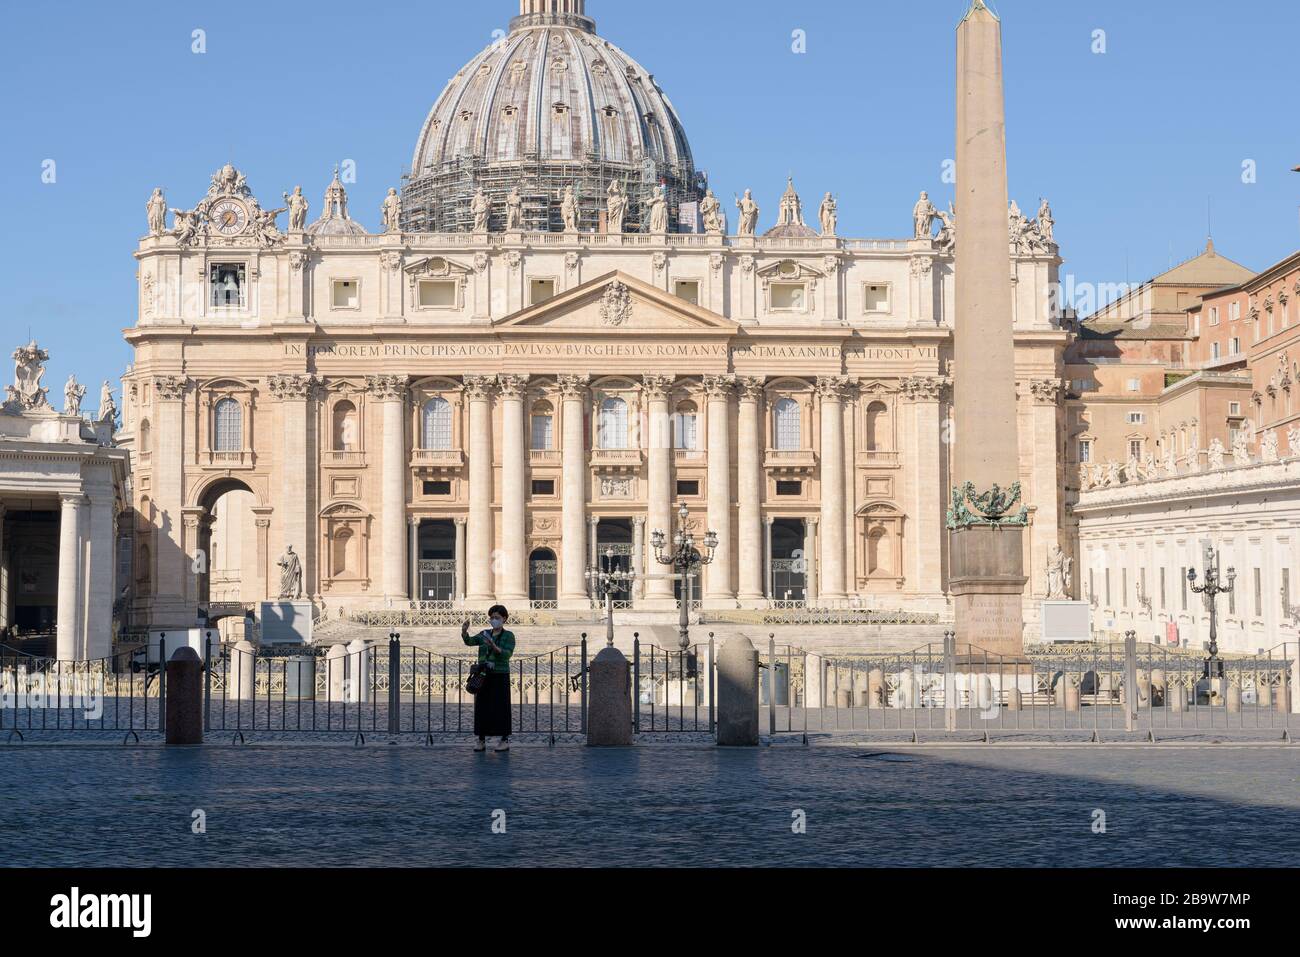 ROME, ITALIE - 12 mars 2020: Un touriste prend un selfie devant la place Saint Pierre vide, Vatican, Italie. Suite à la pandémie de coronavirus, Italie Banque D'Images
--
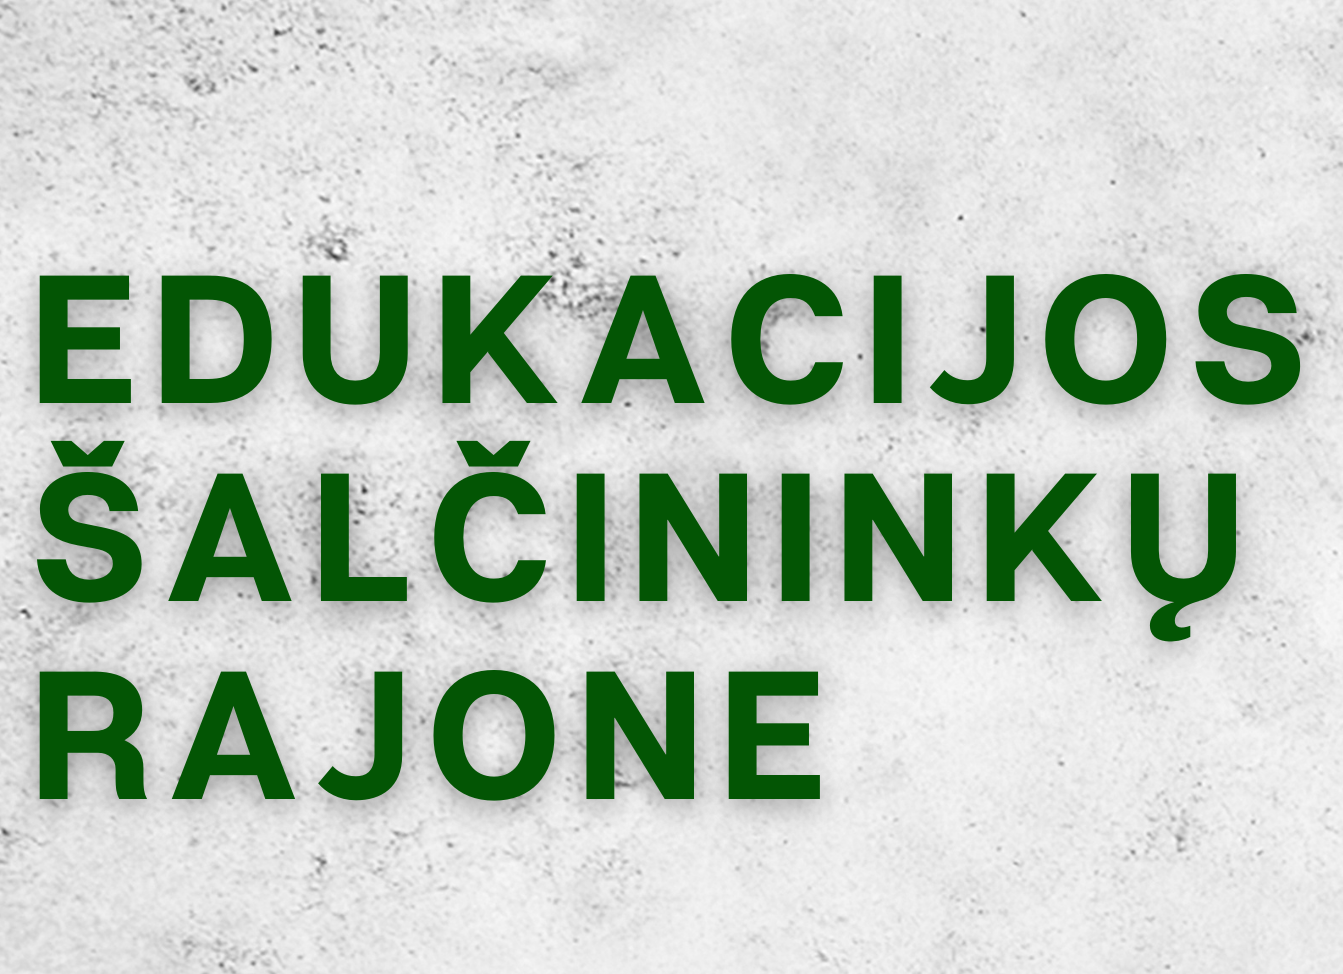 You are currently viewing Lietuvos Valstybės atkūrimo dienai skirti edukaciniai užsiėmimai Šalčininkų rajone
---
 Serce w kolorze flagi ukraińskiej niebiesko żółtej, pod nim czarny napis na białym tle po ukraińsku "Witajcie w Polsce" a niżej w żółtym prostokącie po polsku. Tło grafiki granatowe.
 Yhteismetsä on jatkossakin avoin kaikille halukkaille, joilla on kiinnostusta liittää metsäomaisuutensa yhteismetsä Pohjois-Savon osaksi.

# Activity
Please give an exact copy of the lines above, beginning with the line containing "Serce w kolorze" and running through the line containing "Yhteismetsä on jatkossakin", and of no other lines.

# Exercise result
 Serce w kolorze flagi ukraińskiej niebiesko żółtej, pod nim czarny napis na białym tle po ukraińsku "Witajcie w Polsce" a niżej w żółtym prostokącie po polsku. Tło grafiki granatowe.
 Yhteismetsä on jatkossakin avoin kaikille halukkaille, joilla on kiinnostusta liittää metsäomaisuutensa yhteismetsä Pohjois-Savon osaksi.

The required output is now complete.